ATRV-Jr of PIAP roaming free in SHU labs; successfull acquisition and communication tests with at least four different streams of data

George (SHU) and Andrea (UoR) checking SLAM, Laser and tilt processes: acquisition and communication...

Janusz (PIAP) checking remote operation of the robot and image compression / acquisition.

Lazaros (DUTH), Giovanni (IES), Andrea (UoR) and Janusz (PIAP): in preparation for first launch.

Hungry process observations and network traffic on the indoor robot's second processing unit.

The VIEW-FINDER project

In the event of an emergency, after a fire or other crisis event has occured, a necessary but time consuming pre-requisite, that could delay the real rescue operation, is to establish whether the ground can be accessed / entered safely by human emergency workers. This was the context under which the project was initiated.
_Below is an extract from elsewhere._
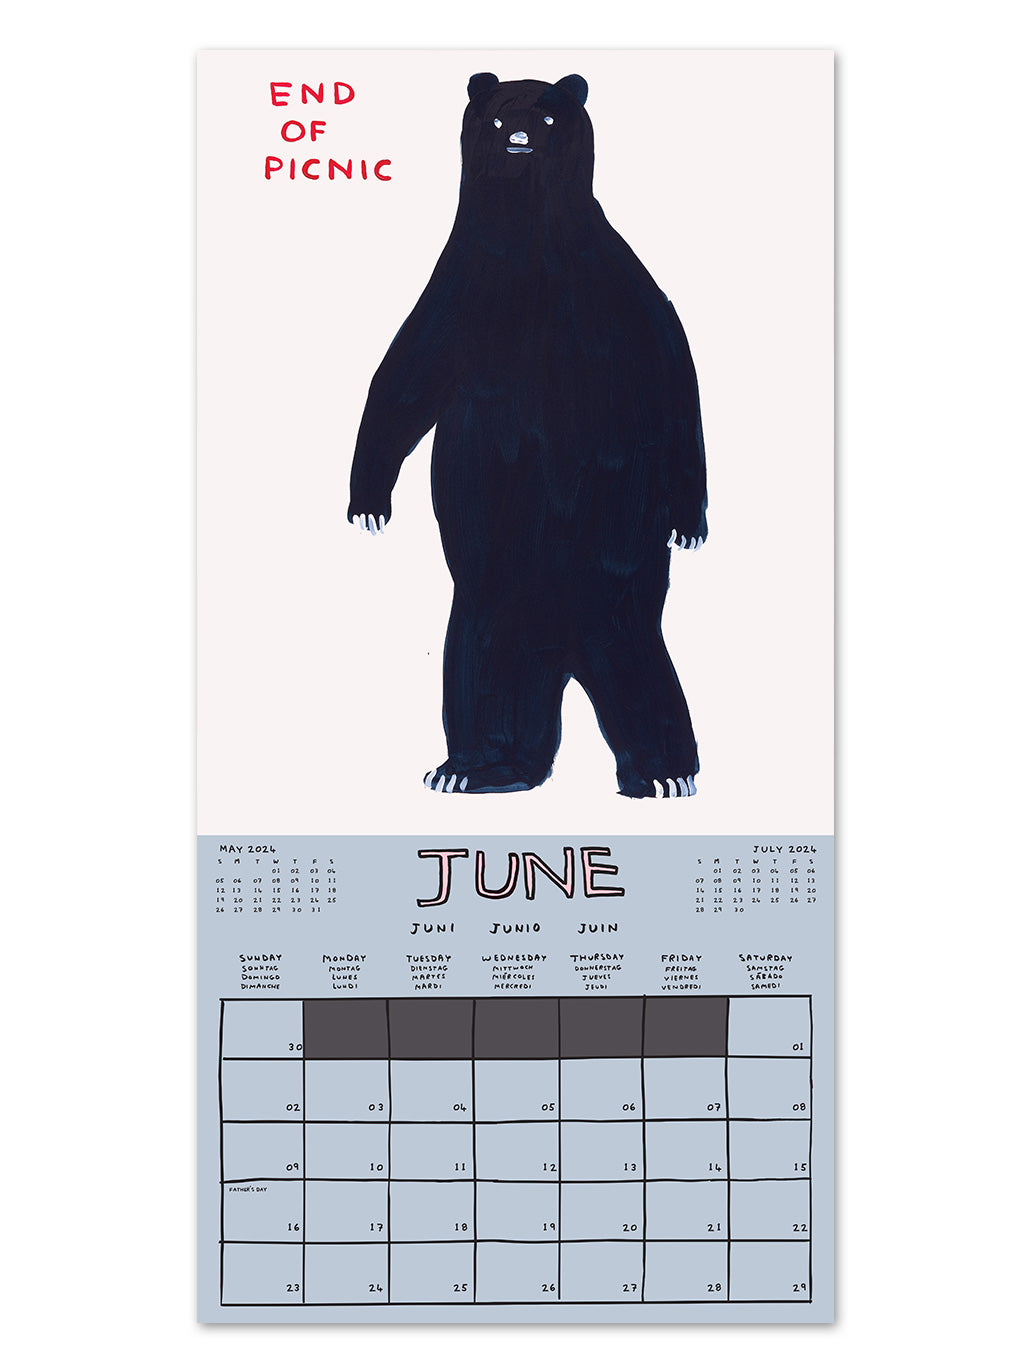 An example of the layout of a 2024 calendar by artist David Shrigley. June shows a light blue calendar section with a box allocated to each day of the month. The artwork on the top half of the page has a white background and shows a standing bear staring the words - end of picnic.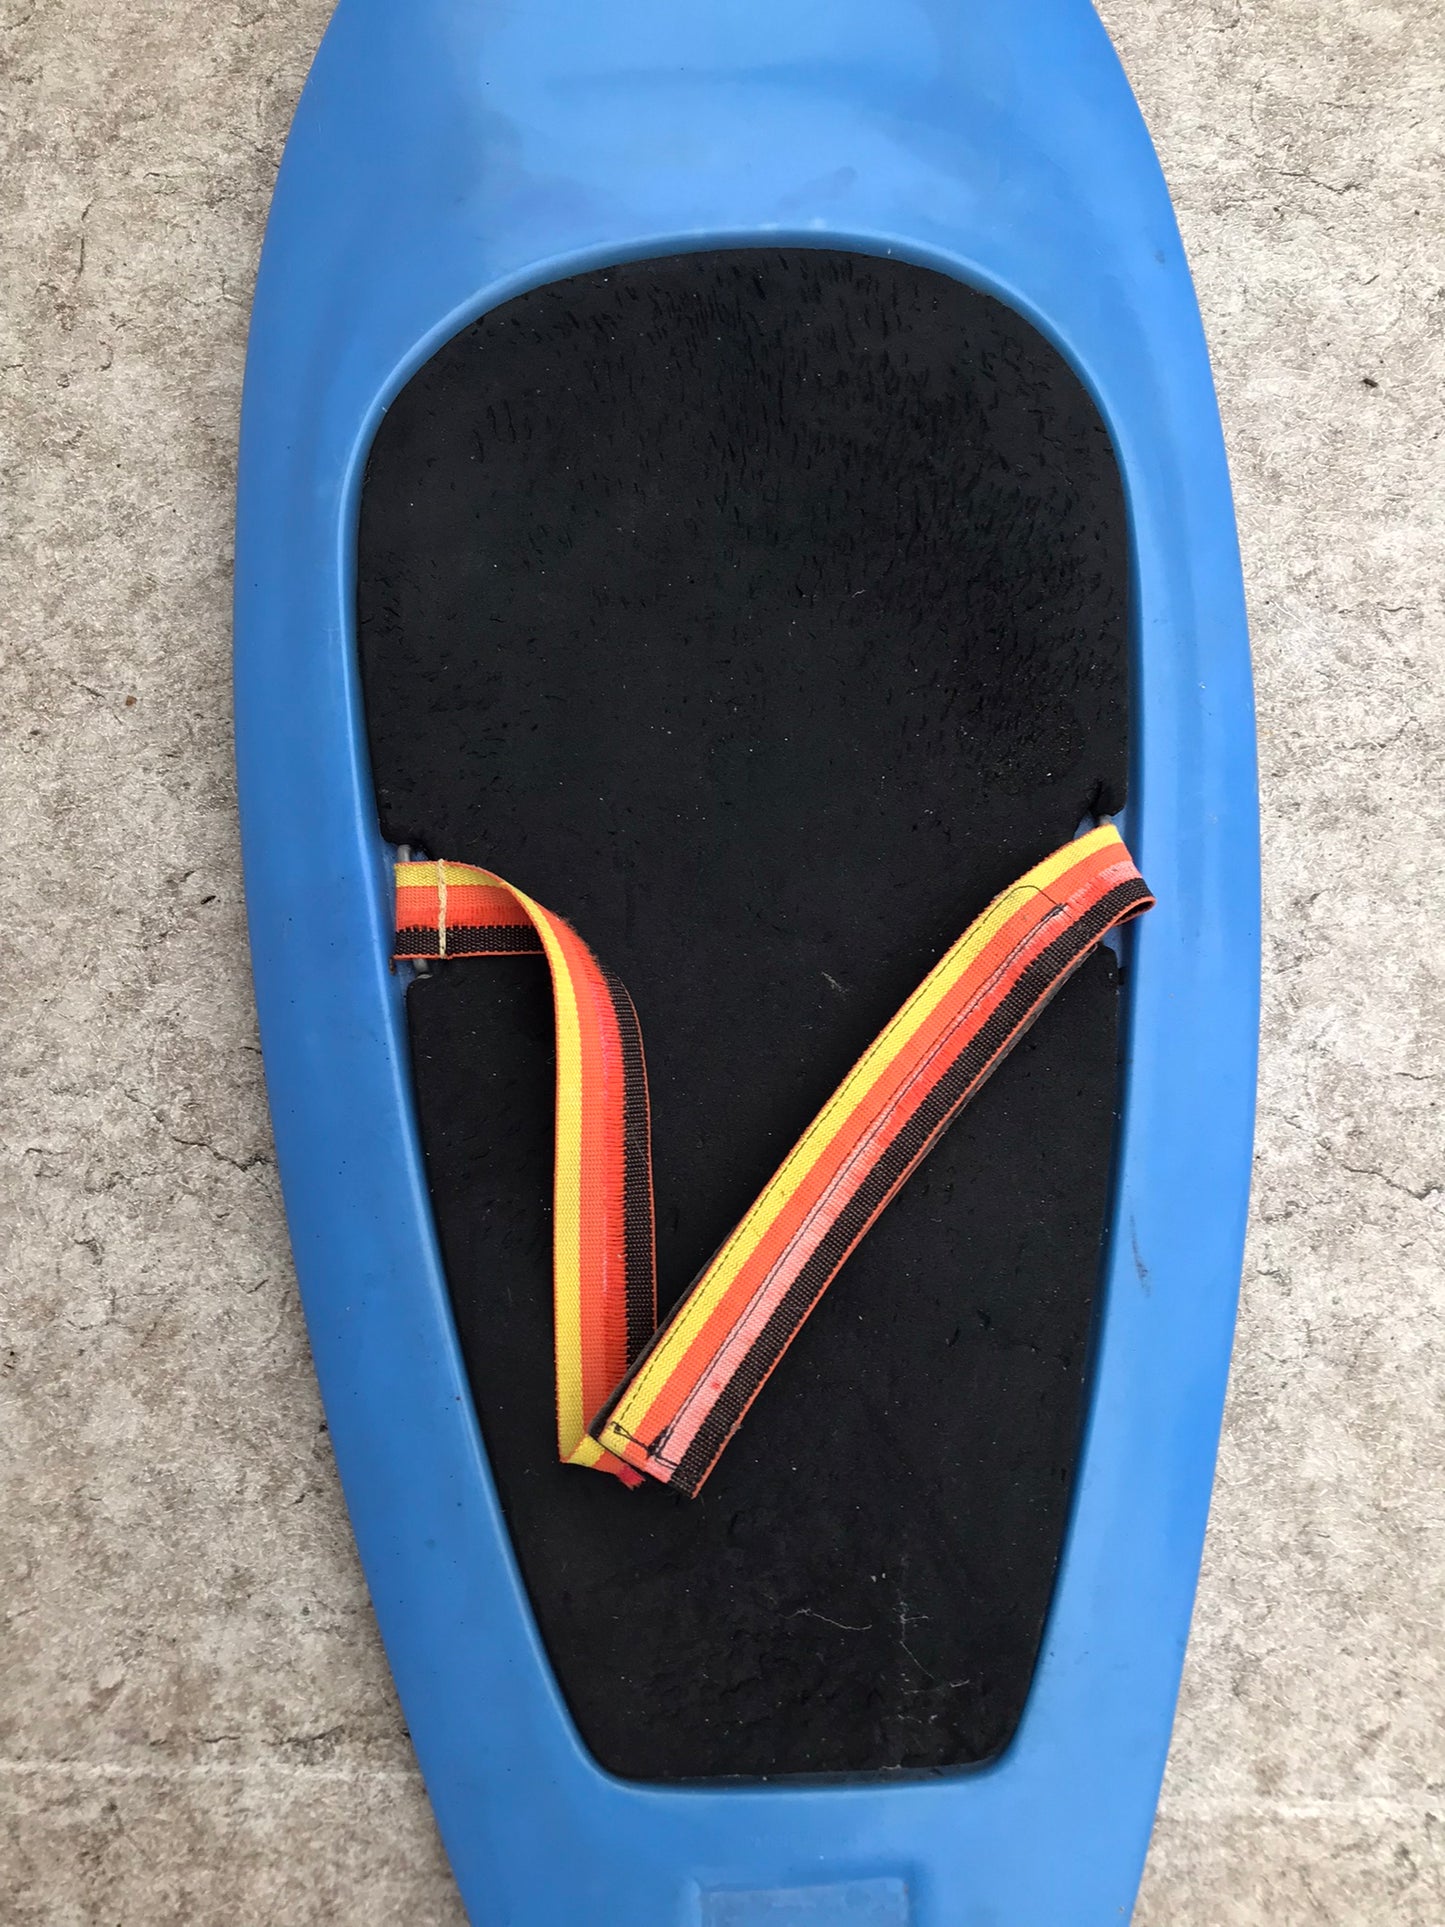 Water Sports Kneeboard Surf, Boogie Bodyboard 56 x 20 inch Heavy Thick Velcro Strap Some Wear Marks on The Black Pad

Notifications and Announcements

• Successful completion: The project has now successfully completed. The EU review panel congradulated the project for the integration efforts and work, the demonstrations and results, as well as the teamwork illustrated by the members of the consortium.

• Advisory: You are advised to visit the official VIEW-FINDER page: "Vision and Chemi-resistor Equipped Web-connected Finding Robots".

• Disclaimer: In this page you will be viewing pre-dominantly the indoor scenario even though we have tried for most of the information provided herein to be from the project as a whole. To the best of our knowledge the information provided herein are correct at the time of publication.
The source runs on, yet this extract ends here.